Landini annuncia che “faremo sciopero e non solo. Stiamo pensando a forme innovative di mobilitazione che siano in grado di mettere assieme anche quelli che il lavoro non ce l’hanno, i precari, i cassintegrati. Ci stiamo ponendo il problema non solo della mobilitazione sociale dentro le fabbriche ma anche della mobilitazione sociale fuori, perché a differenza del Governo noi vorremmo davvero provare a unire tutti quelli che hanno bisogno di lavorare e impedire la competizione fra quelli che lavorano”.

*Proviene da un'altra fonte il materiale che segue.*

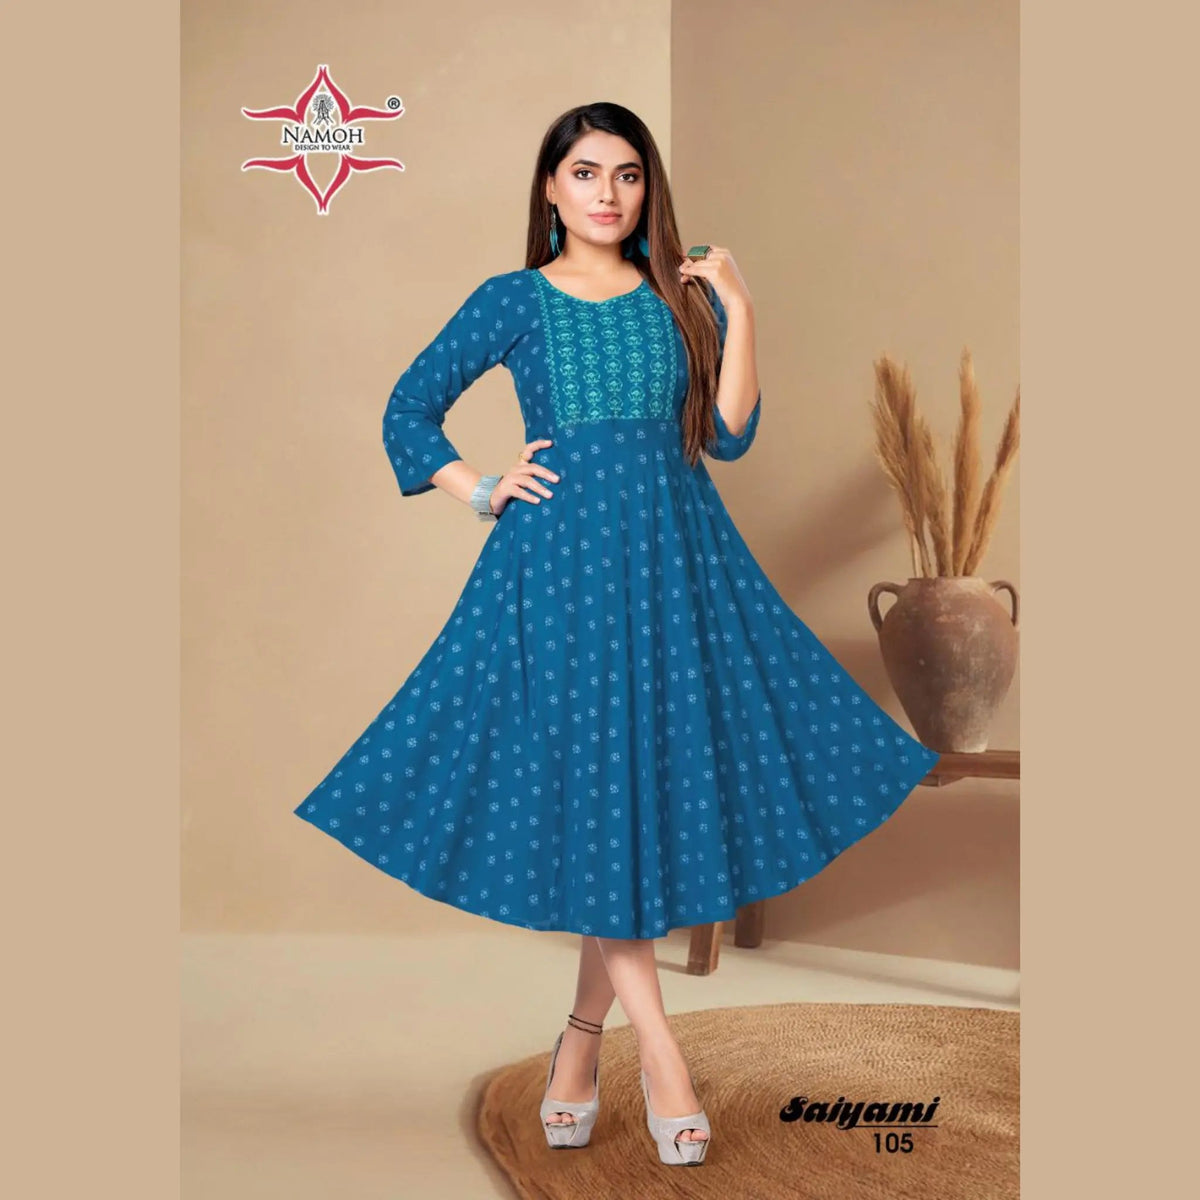 Cerulean Blue Fancy Rayon Print Kurti with Embroidery

La sinistra Pd prepara emendamenti: “Così a rischio i diritti”
Intanto la sinistra Pd si organizza. Di buon mattino si è tenuta una riunione dei bersaniani – che già avevano fatto sentire la propria voce – dove si è discusso dell’atteggiamento da tenere martedì 23 in Aula in Senato e dei possibili emendamenti. In particolare verranno presentati emendamenti che precisano che tra le tutele di cui beneficeranno i nuovi assunti dopo tre anni di contratto, c’è anche il reintegro in caso di licenziamento discriminatorio. Oltre a Bersani erano presenti Guglielmo EpifaniAlfredo D’Attorre e diversi senatori. “Saranno presentati molti emendamenti – dice Pierluigi Bersani a Radio Monte Carlo – non solo sul reintegro in caso di licenziamento ingiusto, perché se l’interpretazione è quella sentita da Sacconi e altri, allora non ci siamo proprio. Andiamo ad aggiungere alle norme che danno precarietà ulteriore precarietà, andiamo a frantumare i diritti, non solo l’art.18 e allora sarà battaglia”. “Altro che modello tedesco, Renzi rischia di frantumare i diritti dei lavoratori” ha aggiunto. L’ex segretario del Pd sottolinea che “Renzi vuole avvicinarsi al modello tedesco ma così facendo ci stiamo allontanando da quel modello, in questi giorni c’è spazio per riflettere e per fare una riforma seria che riconosca i diritti dei lavoratori e non li cancelli o li frantumi. La riforma ci vuole ma deve essere seria e non certo una bandierina da sventolare di fronte agli elettori o all’Europa“. 

Bersani: “Renzi rischia di spezzare la corda”
Renzi rischia di spezzare la corda? “Certo, è possibile – ha risposto Bersani – ma spero proprio di no, dobbiamo trovare un equilibrio tra capitale e lavoro: è questa l’essenza del riformismo. Il Governo deve capire che siamo davanti a un punto molto sensibile, io feci una battaglia simile sui diritti dei lavoratori anche durante il governo Monti quando lo spread era alle stelle: la Riforma non passò ma non ci fu alcun disastro. Adesso dobbiamo trovare un accordo. Mi viene da ridere quando sento parlare di tabù da infrangere o bandierine sull’articolo 18”.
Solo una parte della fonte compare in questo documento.